US Tariff Deal With PH ‘Unfair, Disappointing’

WHILE OFFICIALS OF the Marcos administration are playing safe over the Trump administration’s lopsided tariff deal with the Philippines, former Philippine Ambassador to the US Jose Lampe Cuisia Jr. did not mince words and outrightly branded it as  “disappointing and unfair” to Filipino exporters.

Cuisia, who served as 7th Governor of Bangko Sentral ng Pilipinas (1990 to 1993) and Philippine Ambassador to the United States (2011 to 2016), said that the deal—negotiated during the meeting between President Ferdinand Marcos Jr. and US President Donald Trump in Washington DC—resulted in higher tariffs for Philippine goods, while other countries like Vietnam secured better terms.

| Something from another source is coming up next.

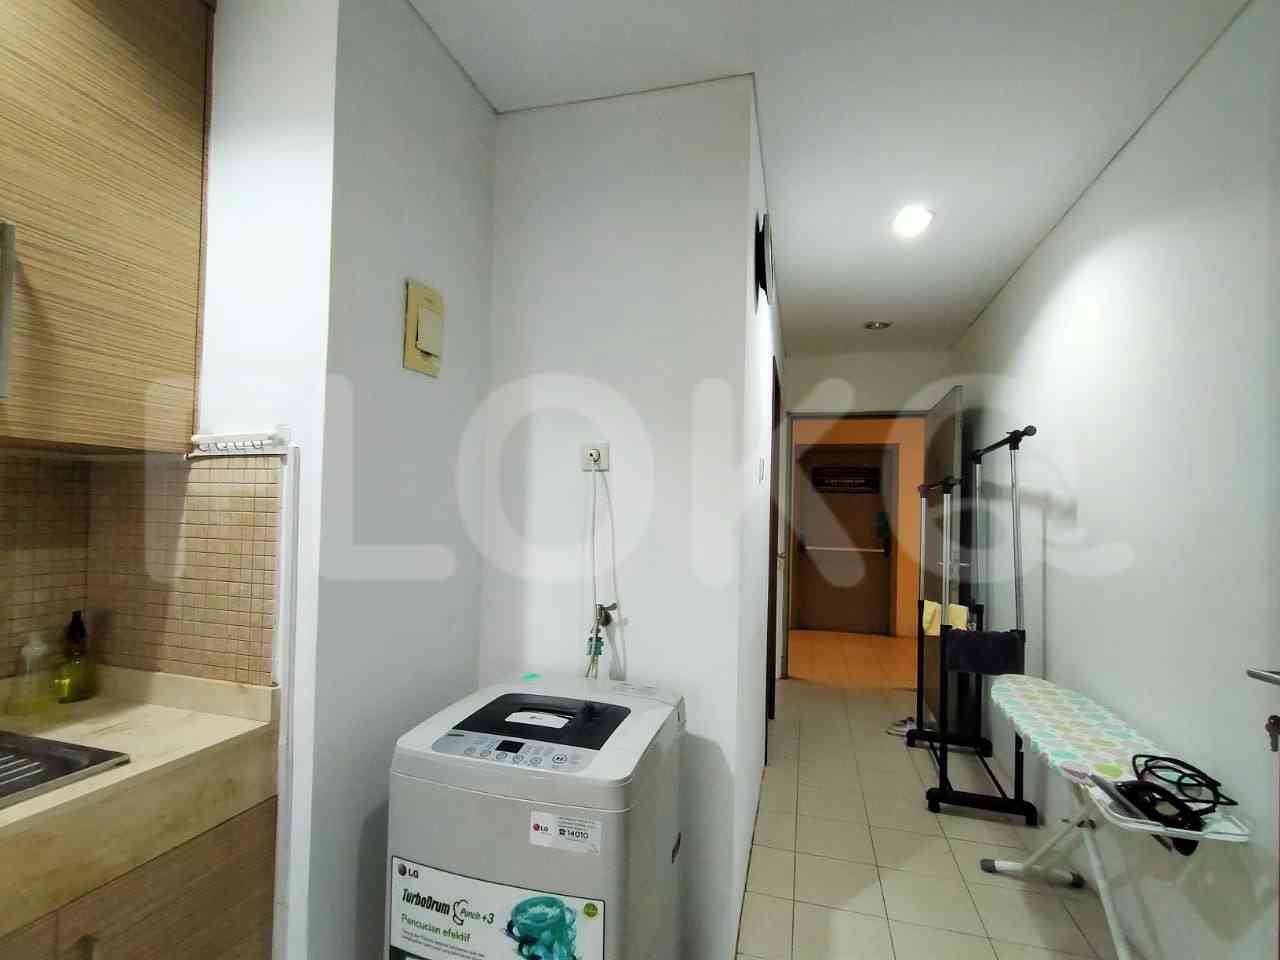 2 Bedroom on 2nd Floor for Rent in Kemang Village Residence - fke4d7 4

“Vietnam, a former enemy, saw its tariffs drop from 46 percent to 20 percent. Ours went up to 19 percent. How can we say we got a good deal?” Cuisia told Business Mirror at the sidelines of the Asian Forum on Enterprise for Society yesterday Tuesday. The 20 percent tariff on Philippine goods took effect last August 1, 2025.

PH EXPORTERS HURTING

Cuisia warned that the increased tariffs are already hurting Philippine exporters. Local businesses are losing contracts to competitors from countries with lower tariffs, and some may be forced to shut down.

“Exporters are very concerned. They’re losing contracts and may eventually close,” he said.

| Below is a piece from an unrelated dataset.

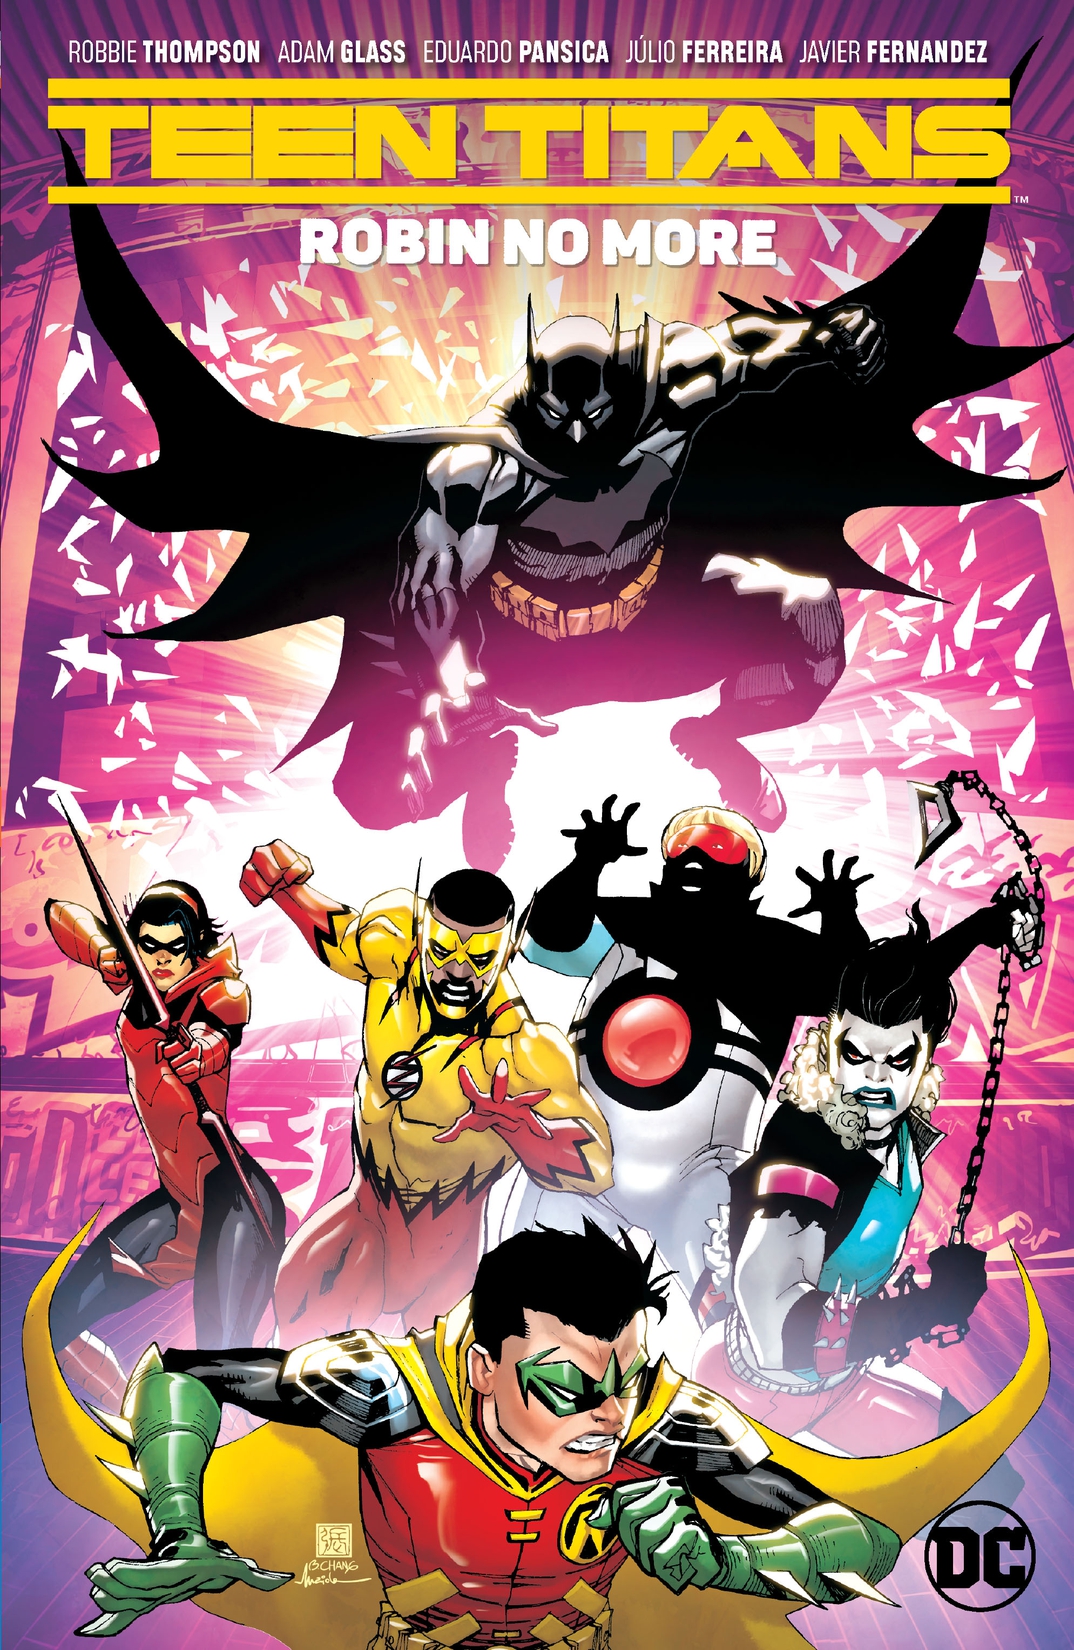 Teen Titans Vol. 4: Robin No More preview images

From how the former envoy to the US sees it, Philippine negotiators missed a key opportunity to use the country’s strategic value in talks. The Philippines currently hosts nine Enhanced Defense Cooperation Agreement (Edca) sites used by the US military.

“We should have used the Edca sites as leverage. That’s a missed opportunity,” Cuisia said. 

An earlier study of the Philippine Institute for Development Studies showed that the Philippines gained the least in ASEAN in US tariffs.

Cuisia surmised that the cancellation of a $5.5-billion deal to purchase F-16 fighter jets may have affected the outcome of the trade negotiations.

“While I was ambassador, we were offered a squadron of F-16s. The Armed Forces declined it due to high maintenance costs. Later, they planned to buy new jets—then canceled. That may have had an impact,” he said.

MILITARY AID VS. IMPACT

Although the US provided $500 million in military assistance to the Philippines, Cuisia emphasized that economic support is lacking.

“We appreciate the defense aid, but the tariffs are damaging our economy,” he said. 

Cuisia also questioned the strength of the US’s “ironclad” commitment to defend the Philippines under the Mutual Defense Treaty.

“That remains to be seen. US foreign policy is unpredictable,” he said.

Ambassador Cuisi finished his Masters in Business Administration-Finance at The Wharton School, University of Pennsylvania in 1970 as a University Scholar.